PROBLEM REQUIREMENTS.
When you reach the line containing "iPhone 12 / SPERRFRIST 20.10. 15 Uhr" in the records below, start copying exactly, and stop once you have copied the line containing "File interieur woonkamer".

RECORD EXCERPTS.
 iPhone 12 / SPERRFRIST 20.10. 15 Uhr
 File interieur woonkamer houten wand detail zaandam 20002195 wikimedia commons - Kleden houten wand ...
--
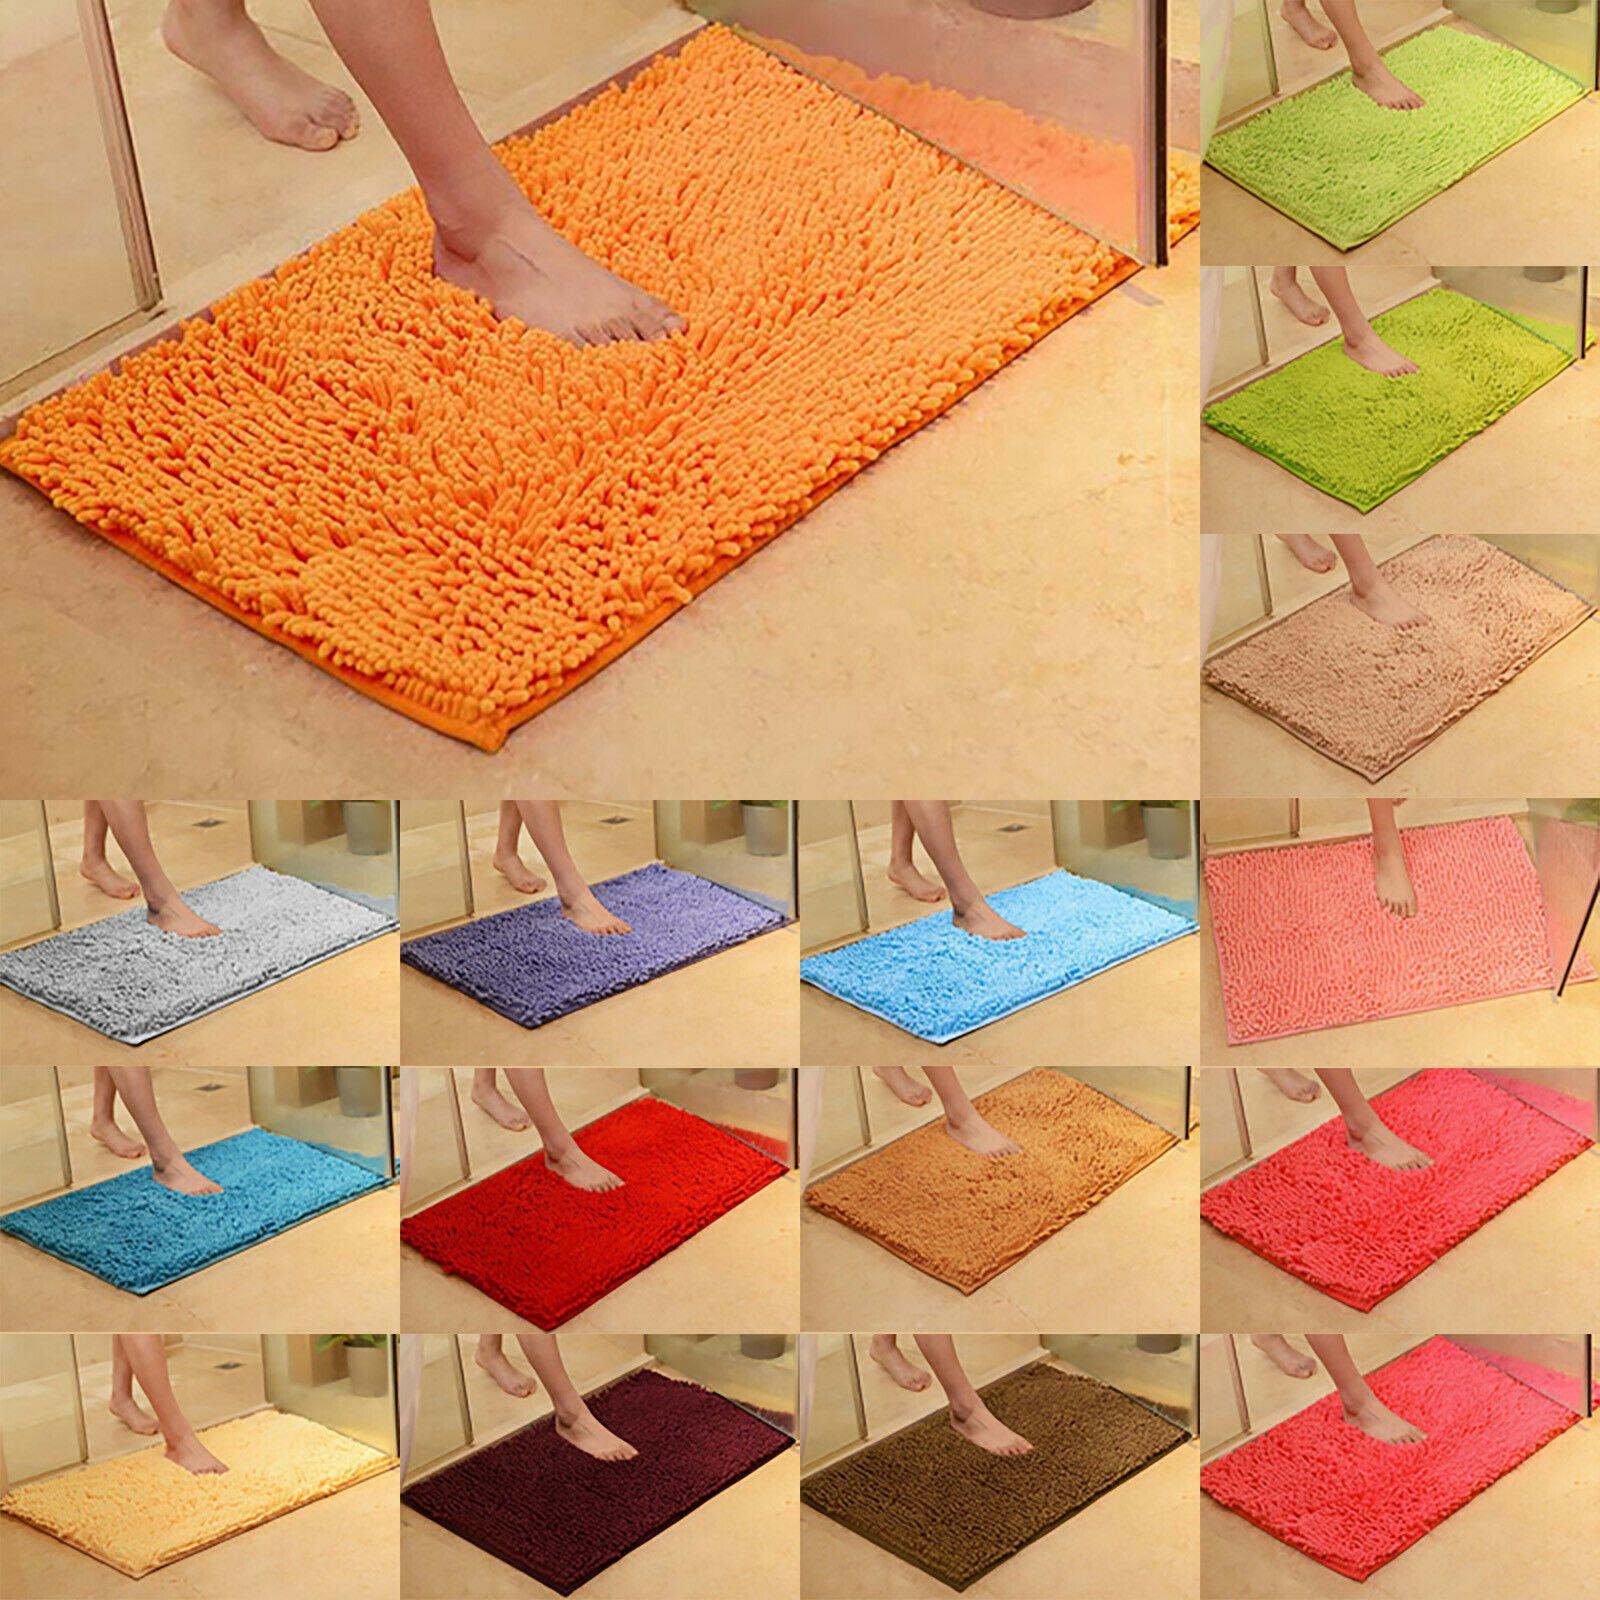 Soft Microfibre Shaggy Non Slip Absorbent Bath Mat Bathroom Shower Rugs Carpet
---
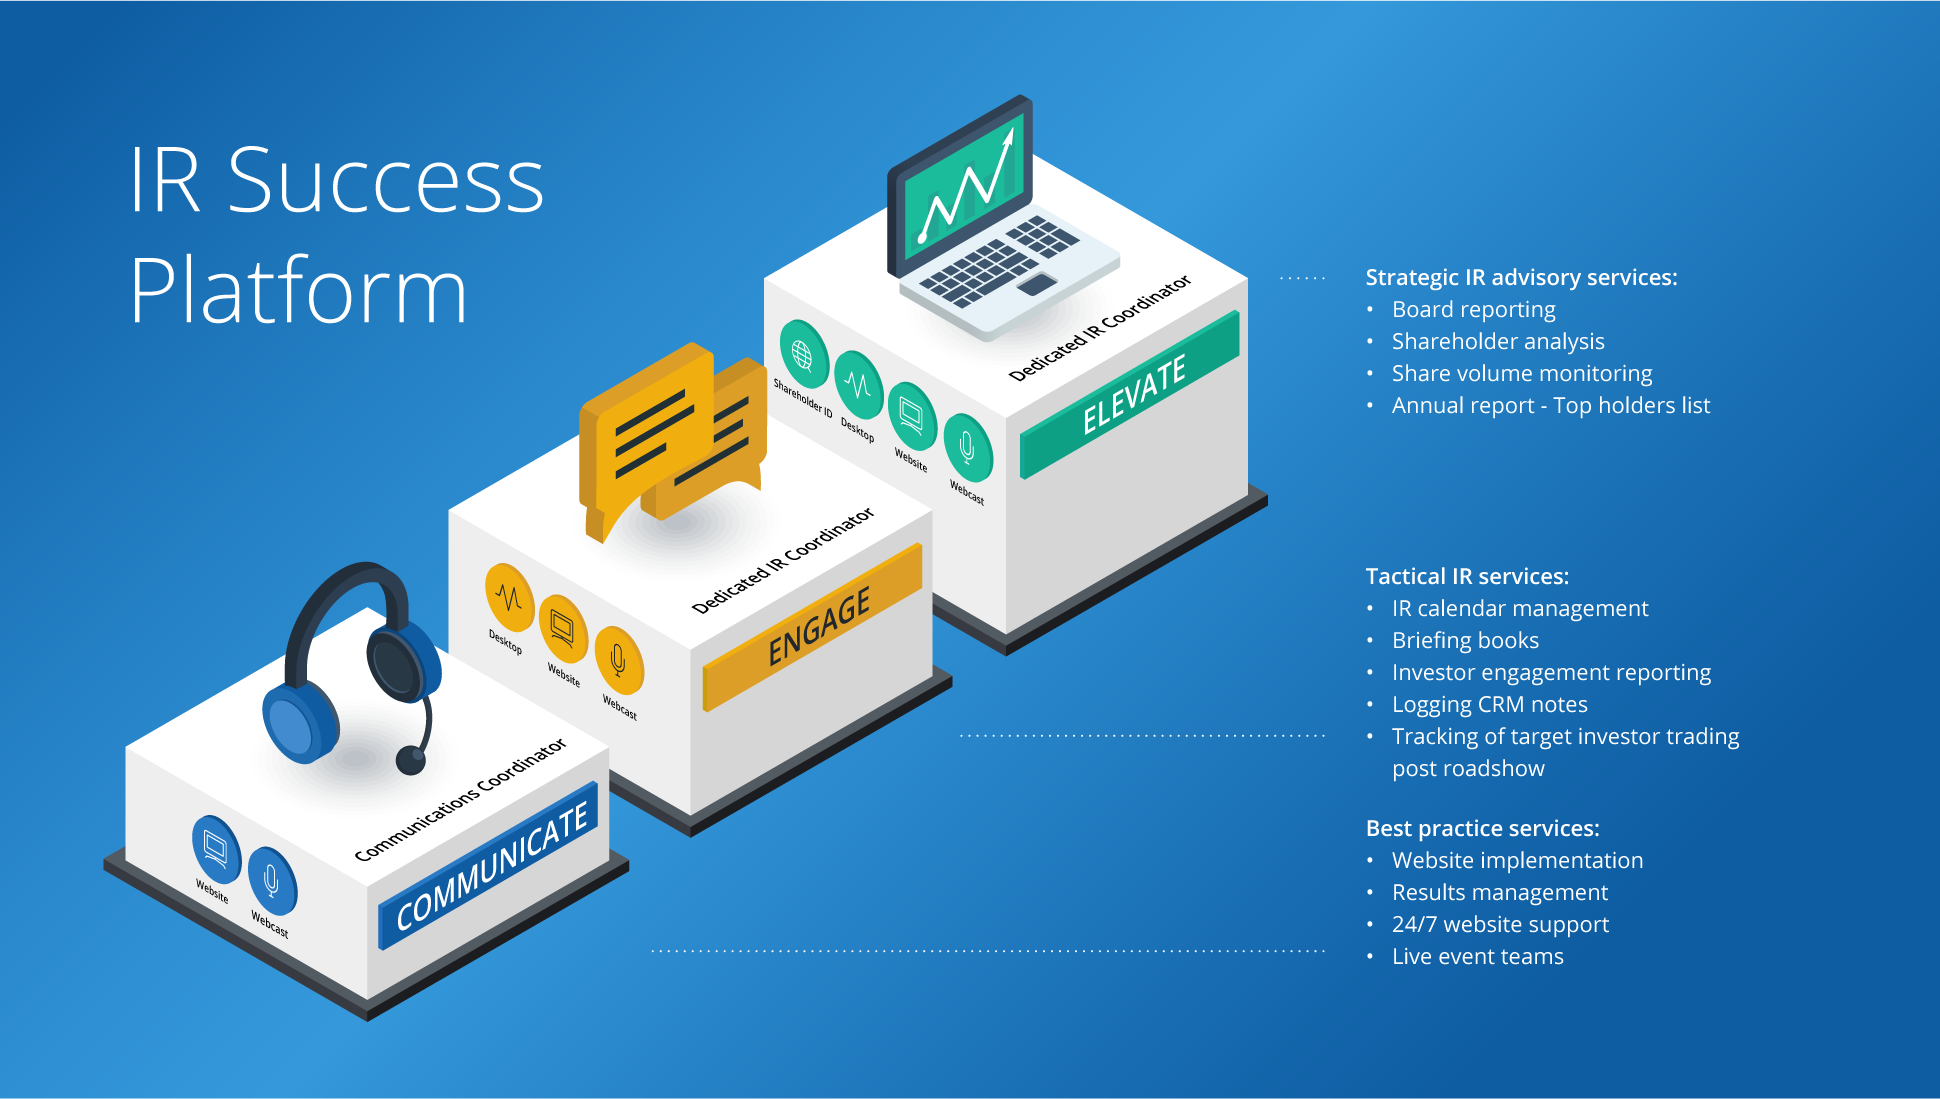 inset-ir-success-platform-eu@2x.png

SOLUTION TO THIS TASK.
 iPhone 12 / SPERRFRIST 20.10. 15 Uhr
 File interieur woonkamer houten wand detail zaandam 20002195 wikimedia commons - Kleden houten wand ...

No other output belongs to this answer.